Patient 2 is a 10-year-old boy that first came to medical attention due to decreased head control and clenched hands shortly before his first birthday. He rolled over at 18 months and by 2 years had a vocabulary of about 40 words, but subsequently lost these skills. His initial diagnosis was cerebral palsy of unknown etiology. The patient had several hospitalizations for dehydration and hypoglycemia, once with a hypoglycemic seizure without recurrence. Other manifestations were ptosis, oculogyric crises, facial hypokinesia, diaphoresis, poor feeding, nasal stuffiness, and hypersalivation.

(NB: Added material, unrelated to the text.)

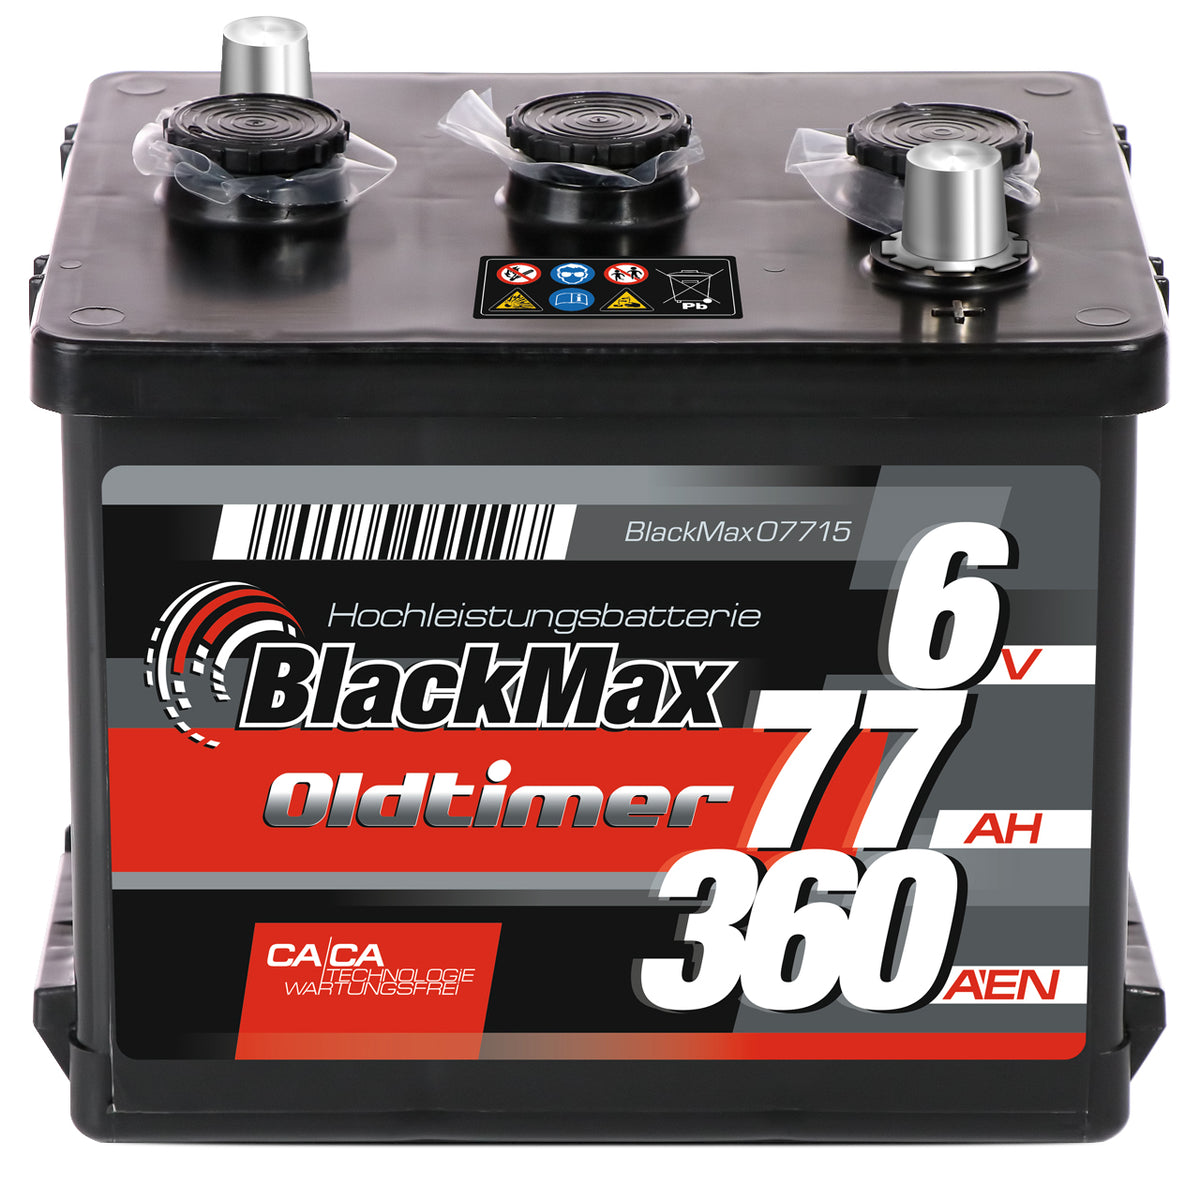 BlackMax07715 6V 77Ah 360A/EN trocken

The diagnosis was established following a CSF monoamine profile of low HVA and 5-HIAA levels and plasma AADC enzymatic activity of 2.6 pmol/mL/min (normal range 36–129). DDC sequencing resulted in a novel homozygous missense mutation of exon 6 (c.665 T>C, p.L222P). On exam at 10 years, he is stable on combined therapy of pramipexole, pyridoxal-5′-phosphate, folinic acid, and tranylcypromine. Oculogyric crises have resolved. Dystonic movements, excessive drooling, and nasal stuffiness have improved. Significant bilateral ptosis persists, but the patient is able to take steps with support. Cognitive progress has been noted with intact reception for multistep commands although without expressive verbal language.

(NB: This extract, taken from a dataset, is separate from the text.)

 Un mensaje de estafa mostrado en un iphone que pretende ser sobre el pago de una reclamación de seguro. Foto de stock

Patient 3 is a 4-year-old girl with unusual ocular movements observed in the first weeks of life. These evolved into oculogyric crises and episodic torticollis, associated with staring and orobuccal dyskinesias including lip smacking, by 2 months of age. She developed choreoathetosis and episodic unresponsiveness associated with oxygen desaturation. Dysautonomic signs included unexplained swings in heart rate from low 50s to 180 beats per minute, and she did not appear to perceive pain. She had multiple hospitalizations the first 3 years of life due to intermittent hypoglycemia and bradycardia.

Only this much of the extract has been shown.